PRINCIPLES OF TOXICOLOGY

2.4 DISPOSITION: DISTRIBUTION AND ELIMINATION 51
between liver and intestine is also included in the model. These features of the model are choices made
by the model developer, and reflect the known physicochemical behavior of the agent whose kinetics
are being modeled. Models for other chemicals will be quite different. A model for a nonvolatile
chemical would not include an explicit lung compartment, while models for bone-seeking elements
like lead and uranium include bone as a distinct tissue.
In a sense, classical and PBK models work in opposite directions. In classical descriptive kinetics,
model compartments having no necessary relationship to actual tissue volumes and clearances having
no necessary relationship to tissue blood flow are inferred from a set of concentration data. In contrast,
the PBK model is constructed from basic anatomic, physiologic, physicochemical, and metabolic
building blocks. It is then used to simulate concentrations under a defined set of conditions, and its
predictions are compared with observations. If the predictions are not accurate, some premise of the
model is at fault. The need for model revision can afford insight into the processes that control the
kinetic behavior of the chemical.
A PBK model for dichloromethane (DCM) forms the basis of a current human health risk
assessment. DCM is metabolized by two pathways, a capacity-limited oxidative pathway and firstorder
conjugation with glutathione (for descriptions of these biotransformation processes, see Chapter
3). Either pathway was thought potentially capable of generating reactive intermediates involved in
the tumorigenicity of DCM in mice. Andersen et al. (1987) demonstrated that tumorigenicity correlated
well with the activity of the glutathione pathway, but not with the activity of the oxidative pathway.

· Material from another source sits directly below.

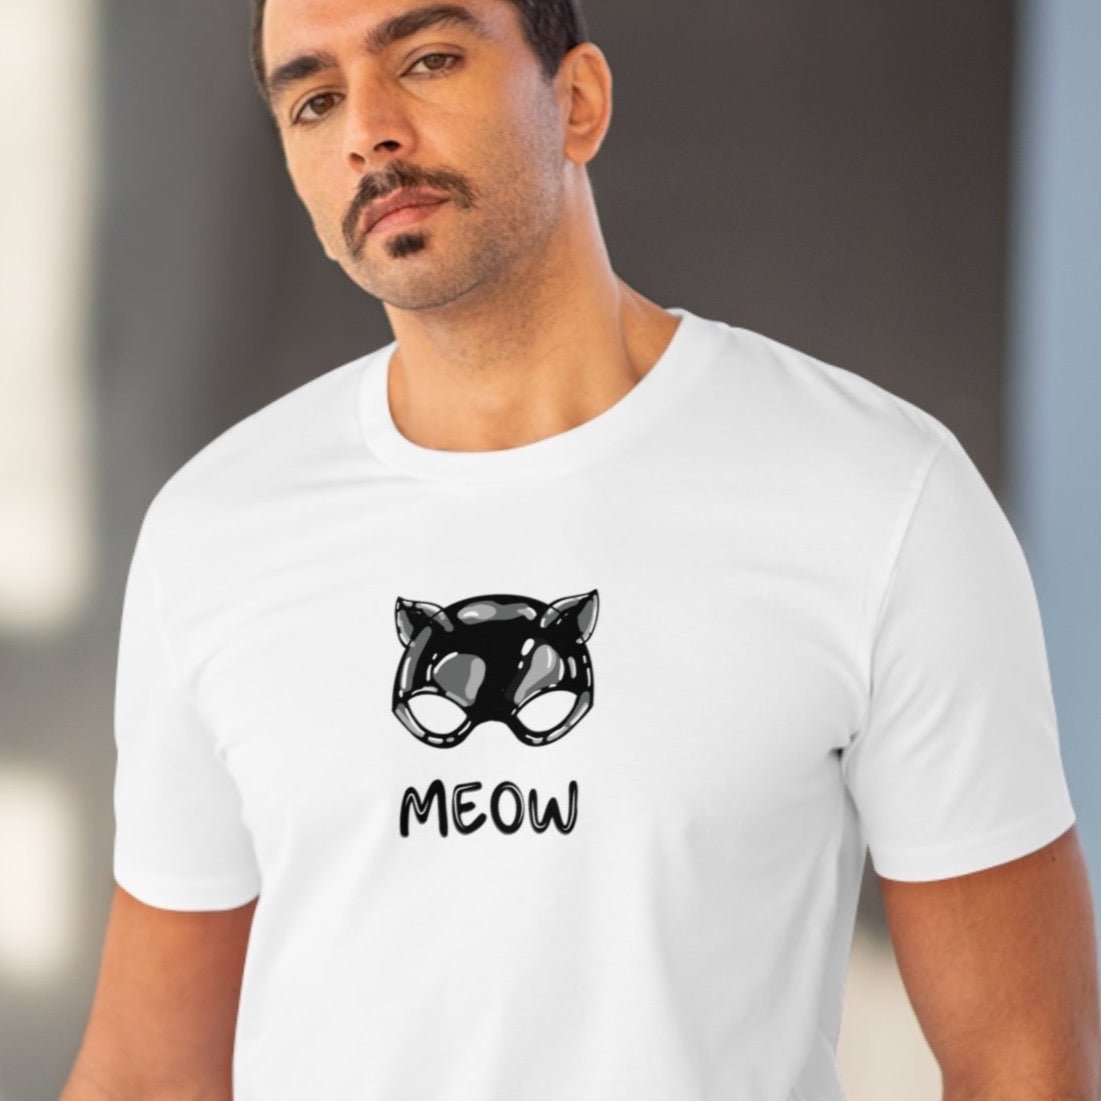 Organic Cotton 'Meow' Funny Cat T-shirt - Fun Cat T shirt
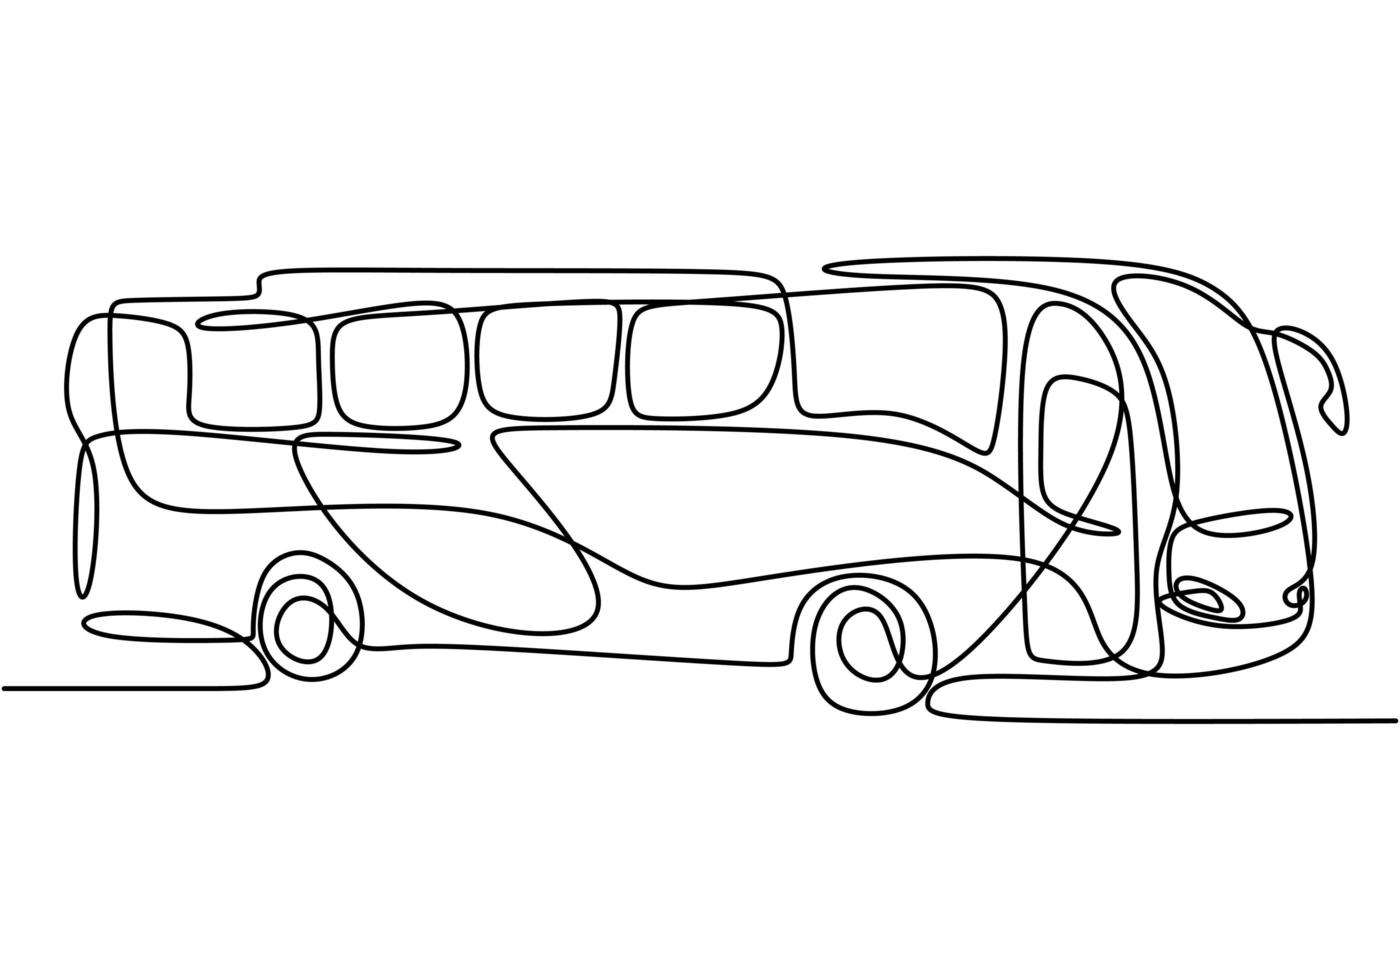 singola linea continua di scuolabus. regolarmente utilizzato per il trasporto degli studenti. torna al concetto di scuola isolato su sfondo bianco. stile minimalista. illustrazione di disegno vettoriale

These investigators scaled a PBK model developed for DCM from mouse to human and from high
dose to low dose in order to predict, based on studies carried out at high doses in mice, the risk associated
with human environmental exposure to DCM. The mouse-to-human scaling of metabolism relied on
experimentally-determined human metabolic parameter values.
Their physiologic foundation and the inclusion of species-specific physiologic and metabolic
mechanisms, when these are known, confer on PBK models a flexibility that allows their use for
route-to-route, dose-to-dose, and species-to-species extrapolations such as this one, for which classical
models would be wholly inappropriate.
Biotransformation
Biotransformation is one of the two general elimination mechanisms. Biotransformation reactions in
general can be divided into two classes: phase I and phase II reactions. Phase I reactions are catabolic
or breakdown reactions (oxidation, reduction, and hydrolysis) that generate or free up a polar functional
group. They produce metabolites that may be excreted directly or may become substrates for phase II
reactions. Phase II reactions, which are often coordinated with phase I activity, are synthetic reactions
in which an additional molecule is covalently bound to the parent or the metabolite, which usually
results in a more water-soluble conjugate. Biotransformation reactions, and the factors that influence
them, are discussed in detail in Chapter 3.
Excretion
Excretion takes place simultaneously with biotransformation and, of course, with distribution. The
kidney is probably the single most important excretory organ in terms of the number of compounds
excreted, but the liver and lung are of greater importance for certain classes of compounds. The lung
is active in excretion of volatile compounds and gases. The liver, because it is a key biotransforming
organ as well as an organ of excretion, is in a unique position with regard to the elimination of foreign
chemicals.
Excretion in the Kidney About 20 percent of all dissolved compounds of less than protein size are
filtered by the kidney in the glomerular filtration process. Glomerular filtration is a passive process; it
does not require energy input. Filtered compounds may be either excreted or reabsorbed. Passive
reabsorption in the kidney, as elsewhere, is a diffusion process. It is governed by the usual principles.